Locality of space: the neighbor of accessed data may be accessed together.
Associativity
Direct mapped cache
- each location in the main memory can go in only one entry in the cache.
- Let x be block number in cache, y be block number of memory, and n be number of blocks in cache, then mapping is done with the help of the equation x = y mod n.
- good best-case time, but unpredictable in the worst case
Fully associative cache
- any memory address can be stored in any location in the cache.
- flexible
- complex and difficult to implement, as they require additional hardware to search the entire cache for the correct location to store or retrieve data.
- the best miss rates, but practical only for a small number of entries
N-way set associative cache: a combination of direct mapped cache and fully associative cache.
Write policies
write-through
write is done synchronously both to the cache and to the backing store.
write-back
initially, writing is done only to the cache.
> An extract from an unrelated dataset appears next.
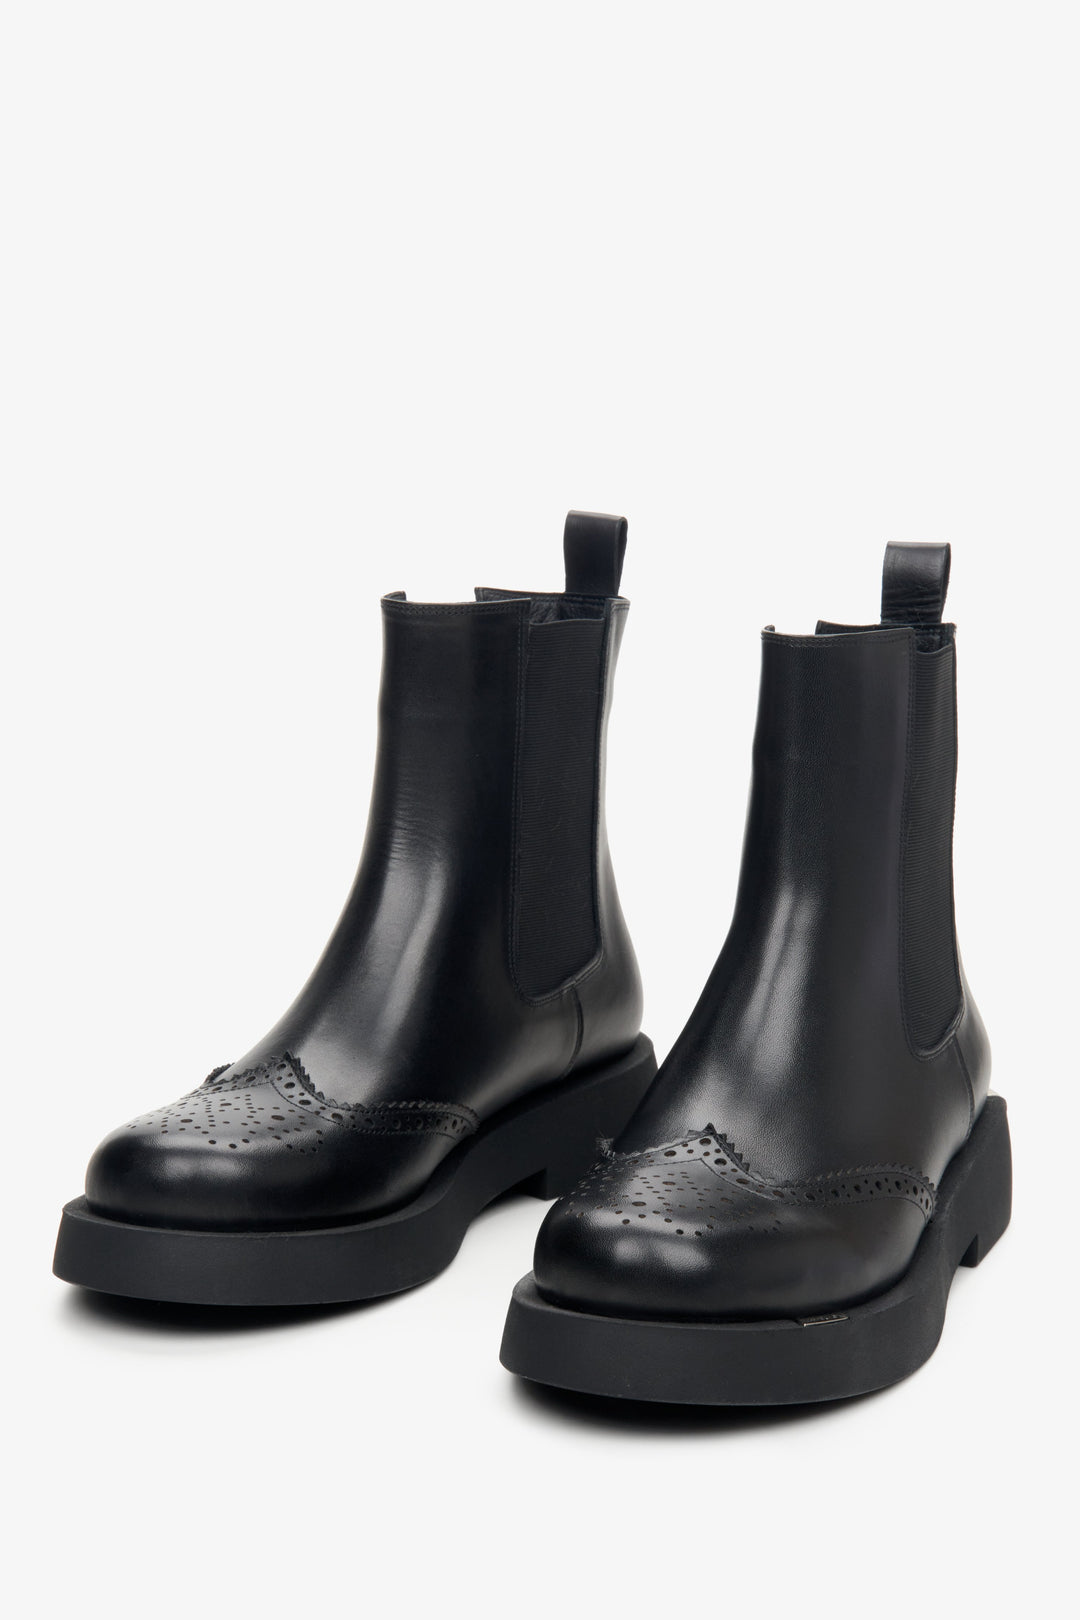 Skórzane sztyblety damskie Estro w kolorze czarnym - zbliżenie na czubek butów.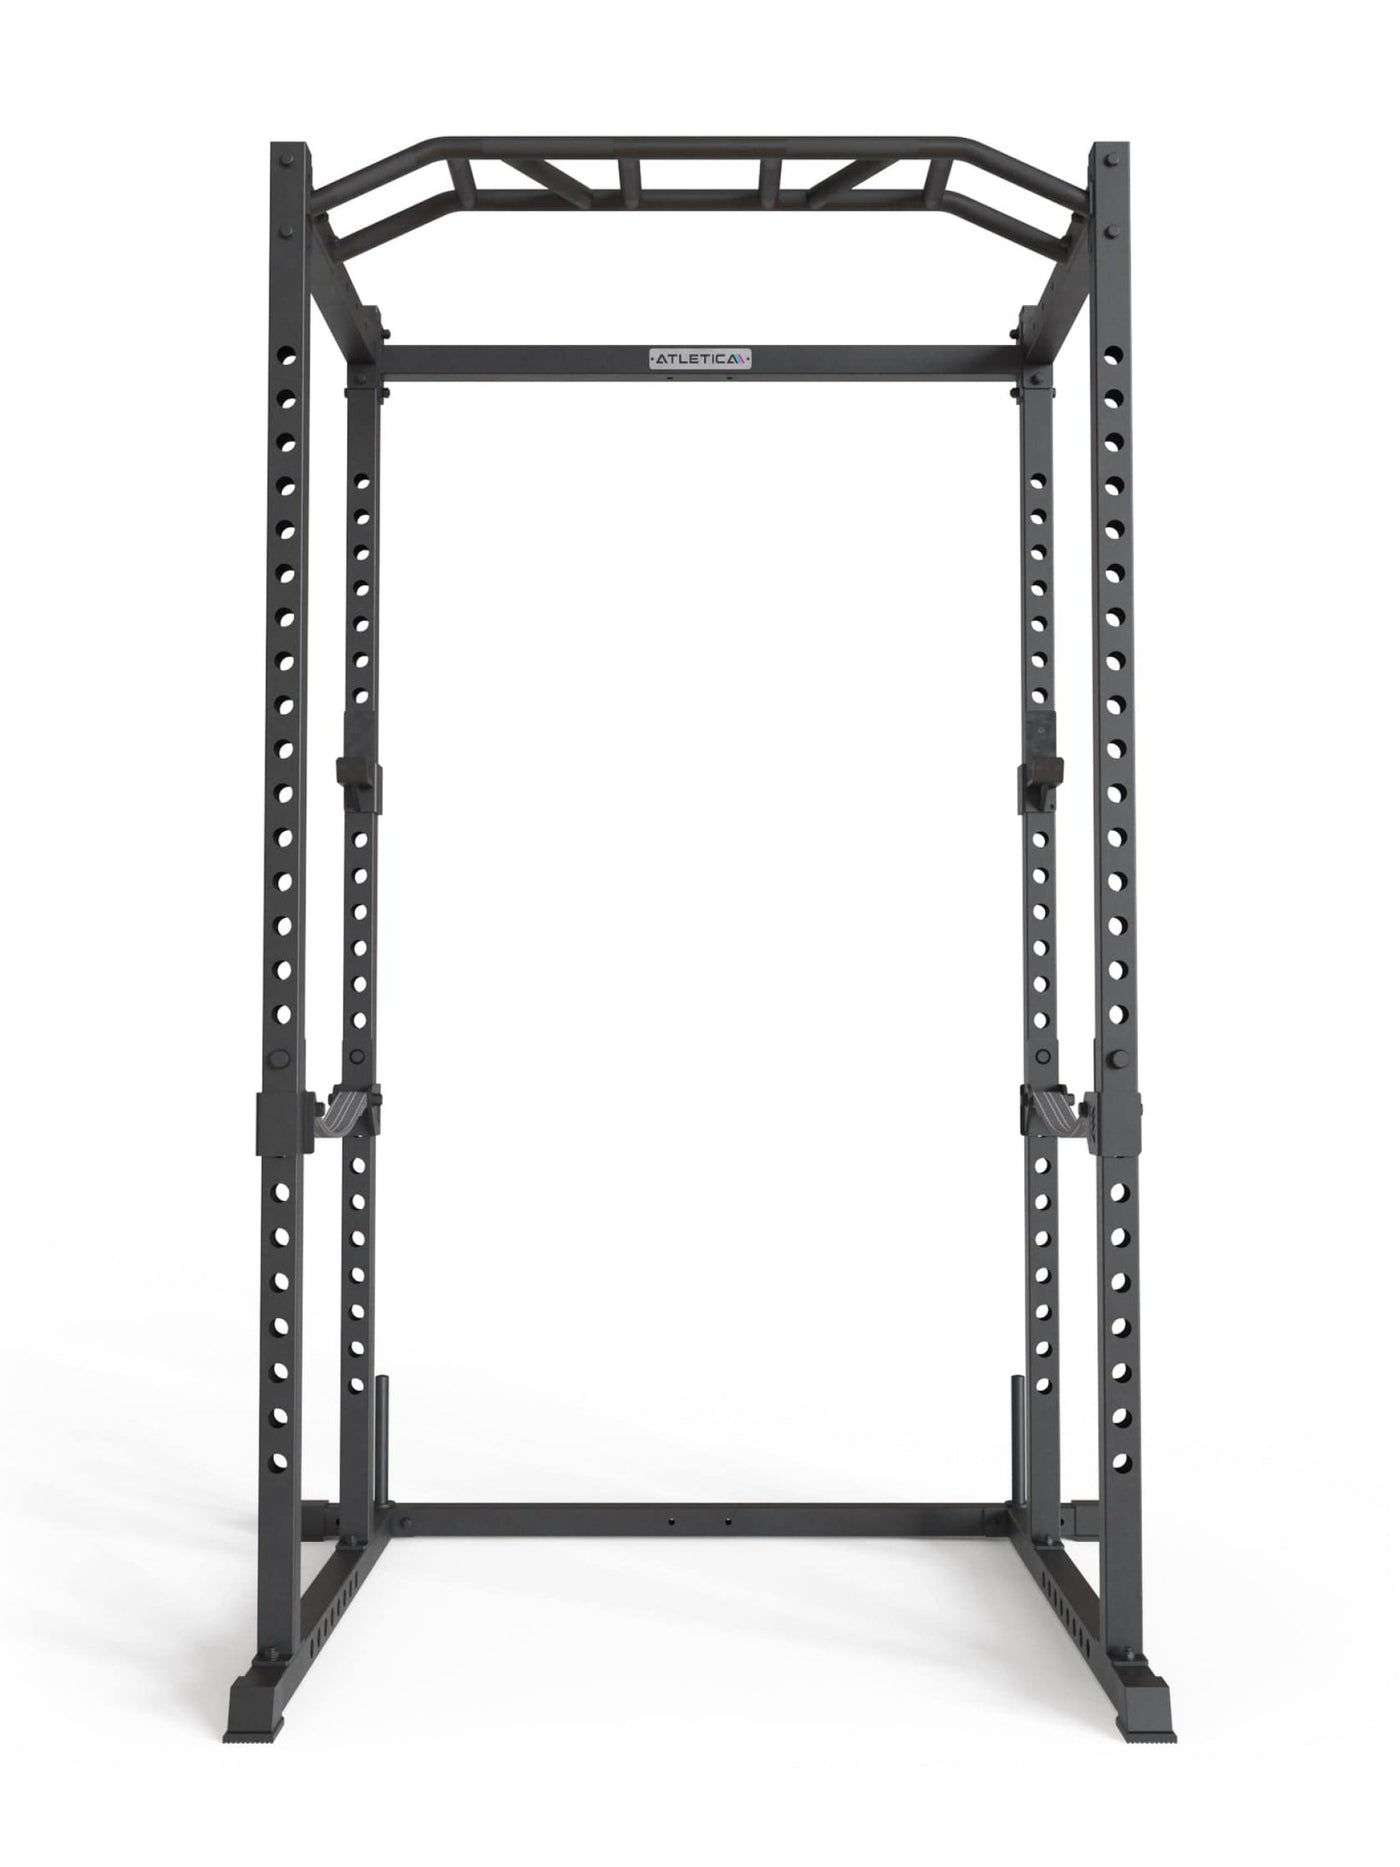 Power Rack R5 Base Käfig: ideal für Fitnesstraining mit Hantelbank und Gewichten,  #size_195-cm

The write to the backing store is postponed until the modified content is about to be replaced by another cache block.
Evaluate
Amdahl’s Law
The improvement of single part of the system contributes to the whole system has relation to the percentage of the improved part.
MIPS, aka Million Instructions Per Second,
MFLOPS, aka Million Floating-point Operations per Seconds
Benchmarking
SPEC…
Parallel Technology
Use parallel in instruction-level to improve the performance, such as pipeline technology.
Instruction level parallelism
- handle multiple instructions at the same time
Task level parallelism
- multiple tasks
Job level parallelism
- multiple jobs
Parallel in multiple computers
loosely coupled system
multiple computers share the same physical memory device such as disk.
tightly coupled system
multiple computers share the same memory.
Pipeline
A repetitive process is decomposed into several sub-processes, and each sub-processes is realized by a special functional component.
Stagger multiple processes in time and pass through the functional segments in turn, so that each sub-process can be performed in parallel with other sub-processes.
5-stage Pipeline
IF ID EX MEM WB
Instruction Fetch
Use the content in the PC as address to access the memorizer to fetch the stored instruction and store it in instruction register IR.
Instruction Decode
Decode the instruction to get the requested operand in the instruction.
Execute
load and store instruction
ALU: calculate the fetched operand
Memory
load and store instruction: read or store the data into the memorize unit
the other instruction: do nothing.
Write Back
ALU and load instruction write the result into common registers.
Conflict
Data conflict
The later instruction read the data before it’s written into common register by the former instruction.
DADD R1, R2, R3
DSUB R4, R1, R5
DSUB needs the result of DADD.
Structure conflict
The amount of hardware resource can’t satisfy the request of parallelism.
Control conflict
jmp instruction
Conflict Avoiding
Linear:
Dynamic Scoreboard Scheduling Algorithm
uses register renaming and a common data bus to avoid data hazards and reduce the need for stalling the pipeline.
dispatch in order, execute out-of-order, commit in order. 顺序发射,乱序执行,顺序提交。
Register renaming: reservation station, ReOrder Buffer (ROB)
具体的流程记不住,问到了就直接寄。